Orgeron certainly has the motivation to beat the heck out of his former employer though, to be fair, Ole Miss has more right to be mad at him than the other way around. There’s not a whole lot positive you can say about his tenure other than he got to appear in The Blind Side. Still, everyone likes to show their old boss up, so Orgeron has that extra bounce in his step this week.
Or it could be the fact that Ole Miss sports one of the worst defenses in the SEC. Ole Miss ranks 14th in the conference in total defense, and 11th in yards/play at 5.58. Even more encouraging, Ole Miss’ biggest weakness is run defense, allowing over 200 yards/game and 4.7 yards/carry. They don’t fare much better in the advanced stats, ranking 12th in the SEC in Defensive S&P+.
Oh, and look. LSU’s own version of Hercules returns to the gridiron this weekend as well. If you didn’t have the best run defense in the world, the last thing you want to see is both Derrius Guice and Leonard Fournette in the opposing backfield.
However, the tasks only get more difficult from here. Alabama looms large on the schedule, and the Tide are delivering absolute beatdowns to everyone in their path. And thanks the hurricane rescheduling, LSU will close the season with three games in thirteen days, two of them on the road.

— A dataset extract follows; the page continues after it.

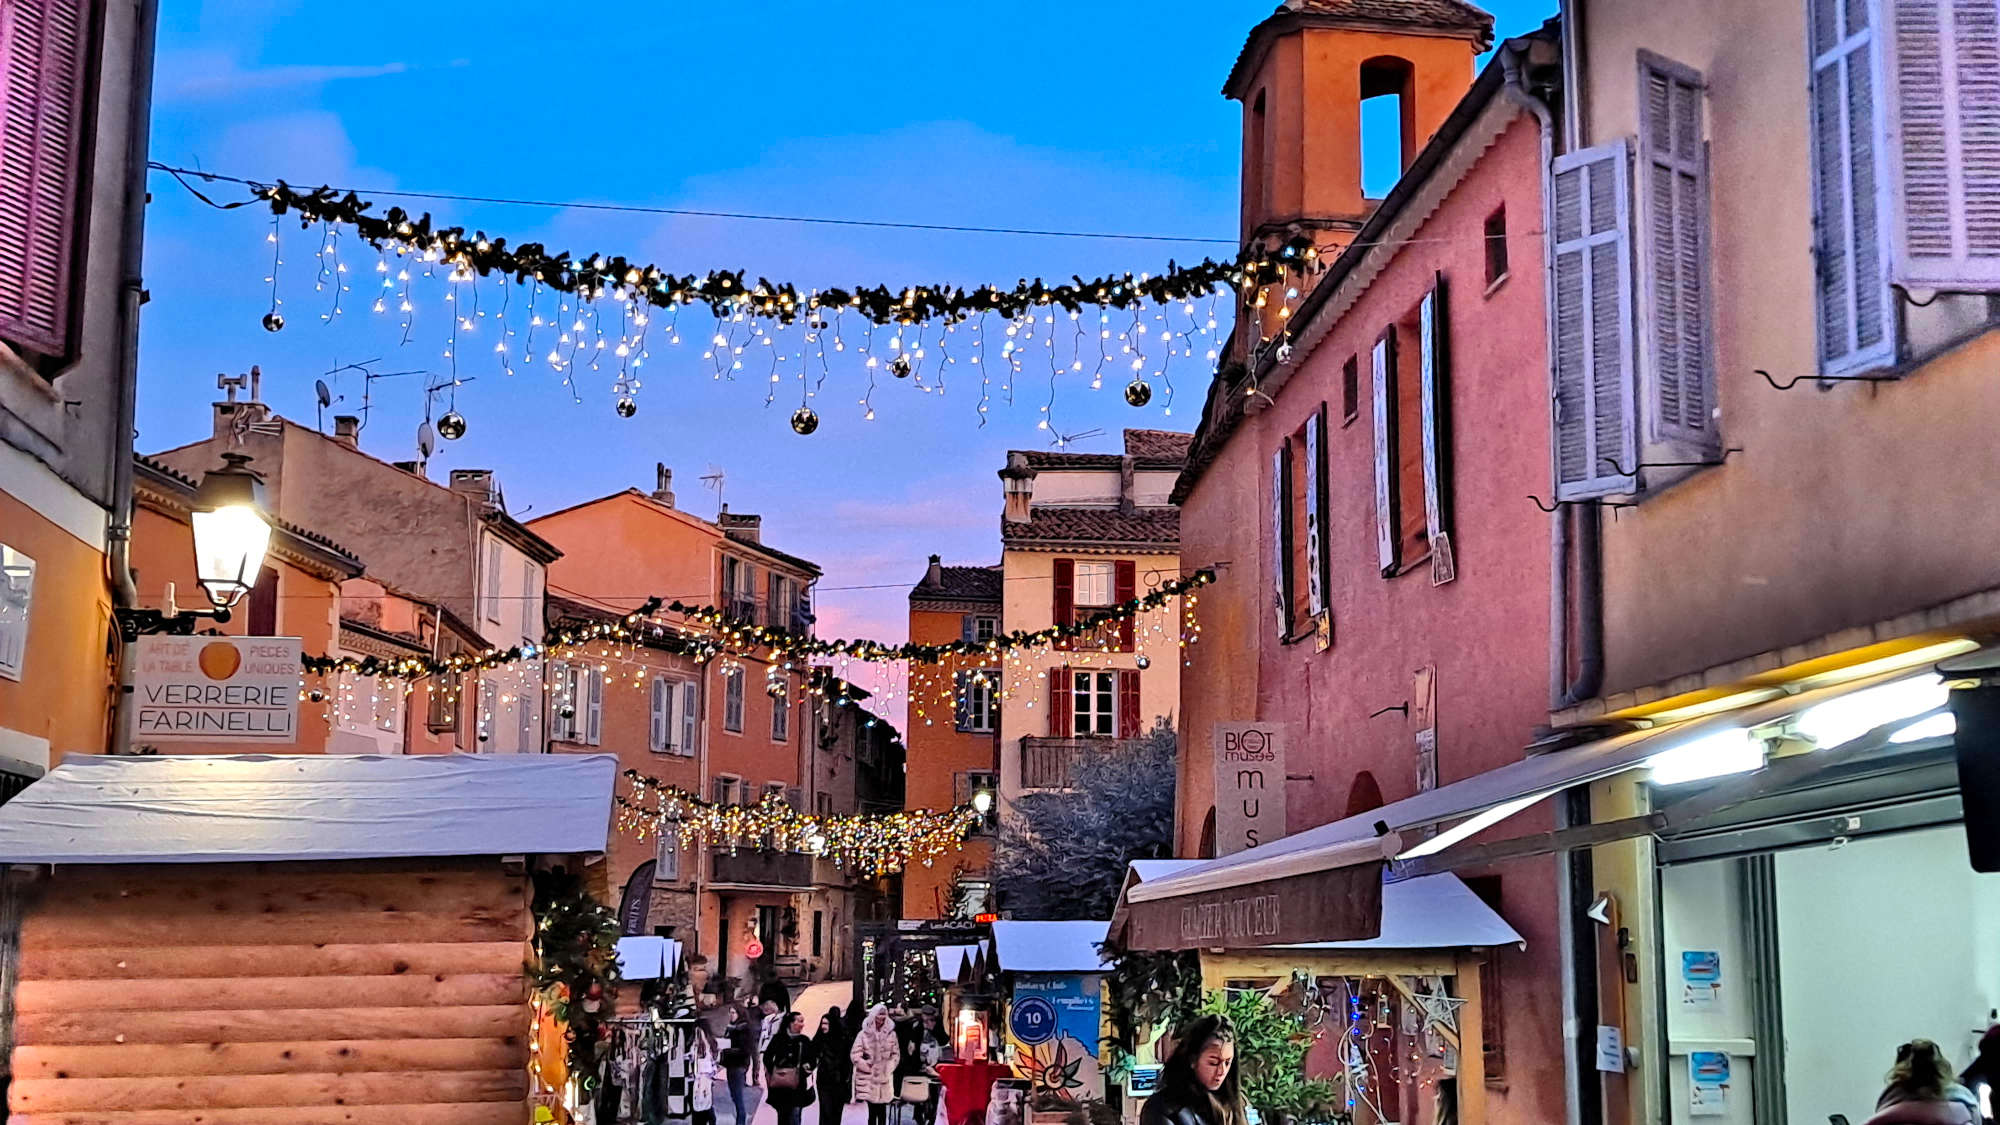 Pendant vos vacances sur la Côte d’Azur, découvrez et visitez le joli village provençal de Biot

If Orgeron wants this job, all he has to do is the impossible. No cleaning of a stable necessary. He just needs to beat five ranked teams in succession, and carry this team off into football immortality. No big deal. It’s just half of what Hercules had to do.
Besides, there were originally only ten Labors, but Hercules had to perform two more at Pythia’s request. Coach O wouldn’t mind having two more labors added to his schedule either.
Two blowout wins over hapless foes are nice, but it takes more than that to earn the powers of Delusional Optimism. Send Ole Miss back to hell, and then maybe we can fire up the Coach O bandwagon at D.O. headquarters. Respect, like immortality, must be earned.
The first step of that journey is this weekend.